Весенние соблазны - страница 43

Шрифт
Интервал

стр.

— Не бойся.

Я глянула на улицу и чуть не отпрыгнула назад. На меня смотрела изящная девушка, укутанная в белый мех с ног до головы. Только лицо и видно. Миг — встретилась с огромными чёрными глазами: без края, без дна. Как колодец ночью: смотришь-смотришь, и голова начинает кружиться. Насмешливые глаза, с хитринкой и неожиданно маняще-зовущие. А ещё присмотришься — чернота-то будто живая. Как наше Чернолесье в начале месяца снеженя: всё белым-бело, только стволы деревьев стоят тёмным частоколом да покачиваются на ветру. И от этого на душе делается как-то тоскливо и тревожно, словно зовёт тебя лес, манит к себе — а пойти не можешь.
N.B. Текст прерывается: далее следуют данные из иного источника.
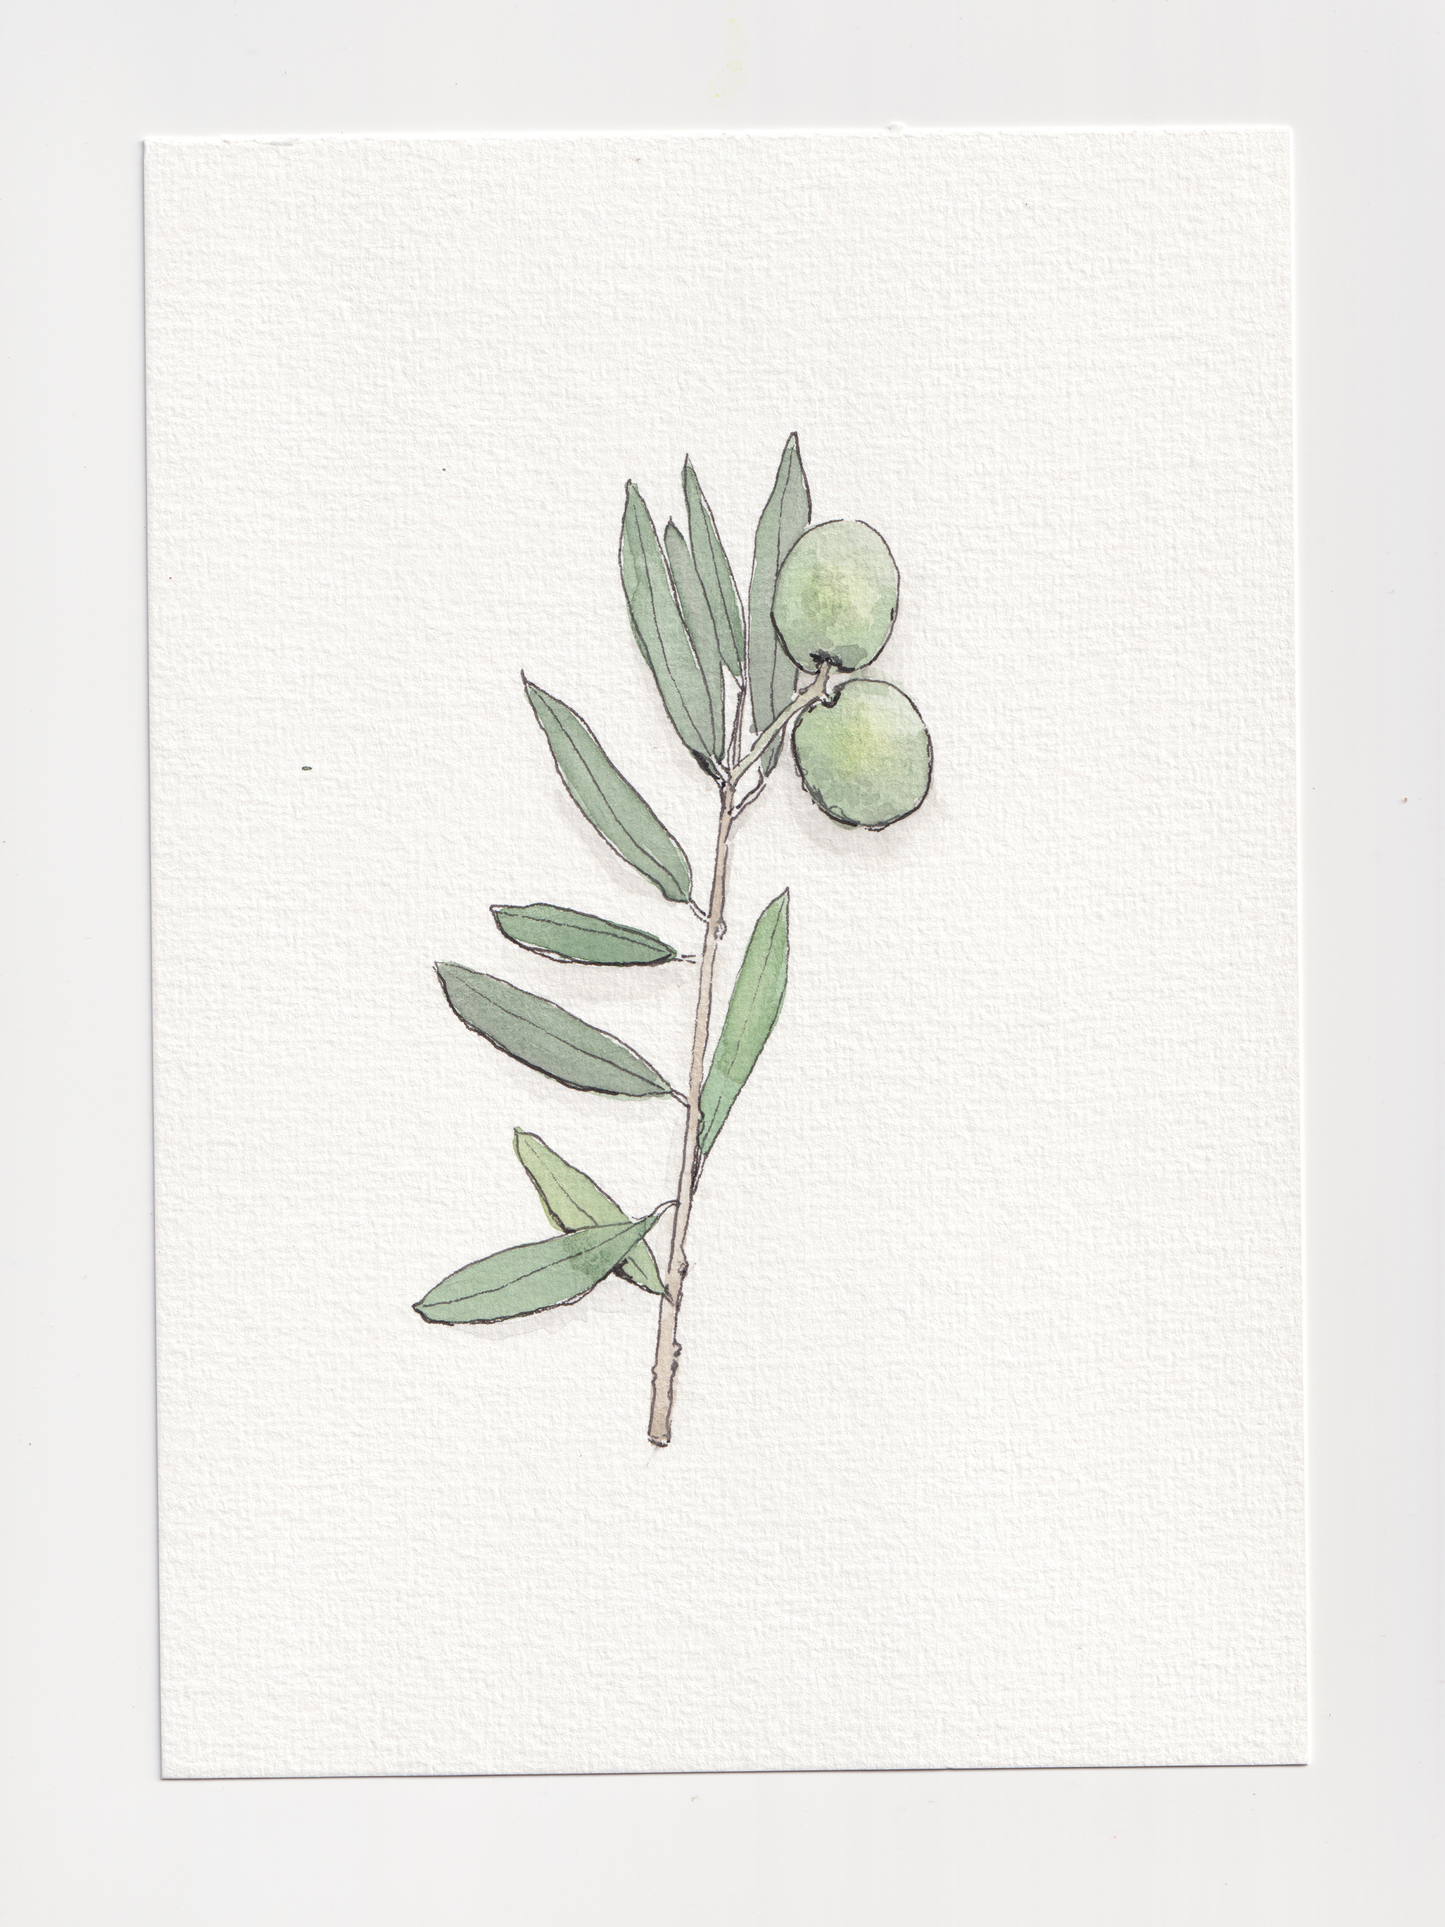 Daily Illustration - Day 11 - Olive branch

Лицо у девицы красивое, только не румянее снега, зато губы, что брусничный сок. Лоб высокий и чистый, дуги бровей как медь, нос тонкий, чуть вздёрнутый. А тело — и человек, и не человек вовсе. Не меховое одеяние на ней, как сразу показалось. Вся стройная, статная, только вместо кожи — шелковистая белая шёрстка, как у зайчишки. Мои пальцы дрогнули, будто ощутив её мягкость. Сверкнули задорно чёрные глаза незнакомки, приоткрылись брусничные губы. И стало вдруг жарко, так, что захотелось рвануть ворот рубахи, отбежать подальше от горячей печи, а то и вовсе — выскочить на снег босыми ногами.

Она протянула ко мне руки, и растаяли морозные узоры на окне. Подошла ближе, выдохнула:

— Иди ко мне, Гроза.

Внутри затрепетало всё, стало душно и сладко, будто хмельной отвар в голову ударил. А чёрные глаза всё смотрят-смотрят — и Чернолесье зовёт к себе.
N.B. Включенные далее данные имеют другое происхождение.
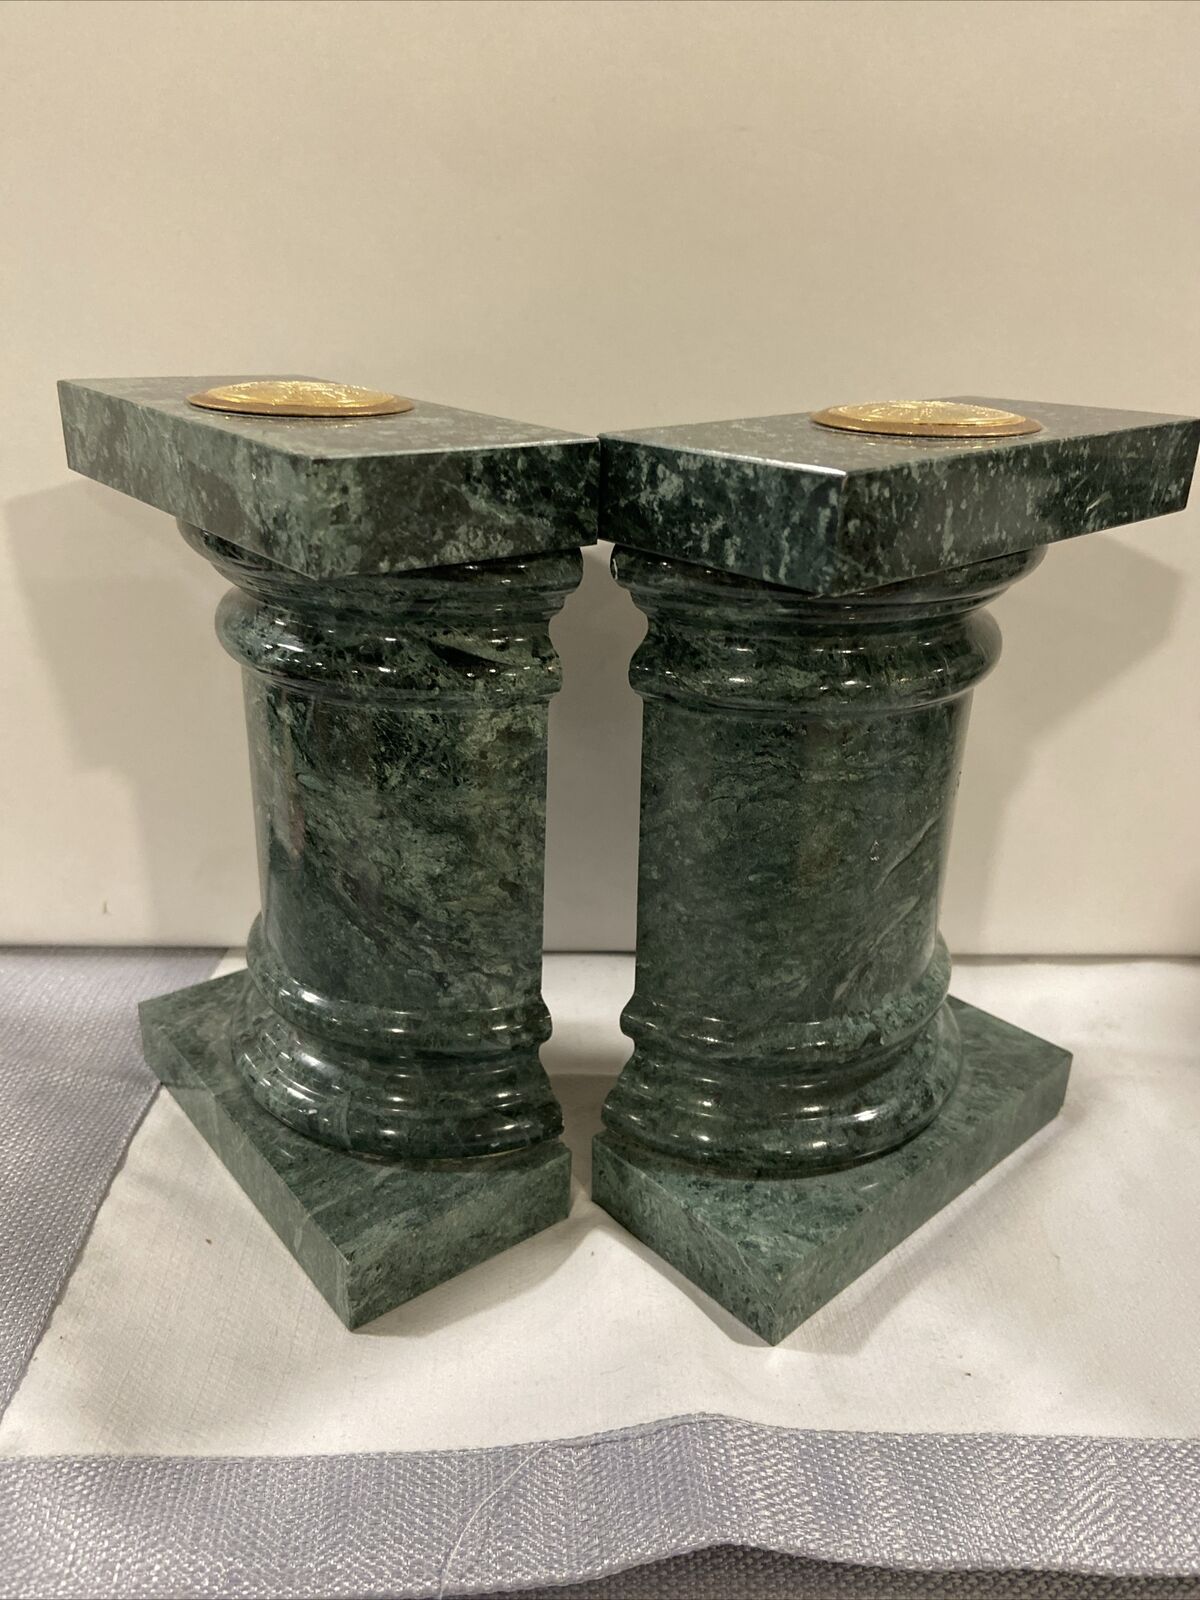 Solid Green Marble Pillars / Columns Bookends With Medallion Presidents Club

Захохотал вновь ветер, швырнул в окно метелью — растворилась девица, будто и не было вовсе.

Повисла тишина. Только наше дыхание и слышалось.

— Что… — хрипло прошептала Василинка, глядя на меня широко раскрытыми глазами. — Что это?

Я шумно выдохнула, прикрыла глаза, попытавшись успокоить бешено колотившееся сердце. Потом на почему-то подкосившихся ногах дошла до лавки и опустилась на неё. Неуверенными руками — аж самой противно — зажгла свечу.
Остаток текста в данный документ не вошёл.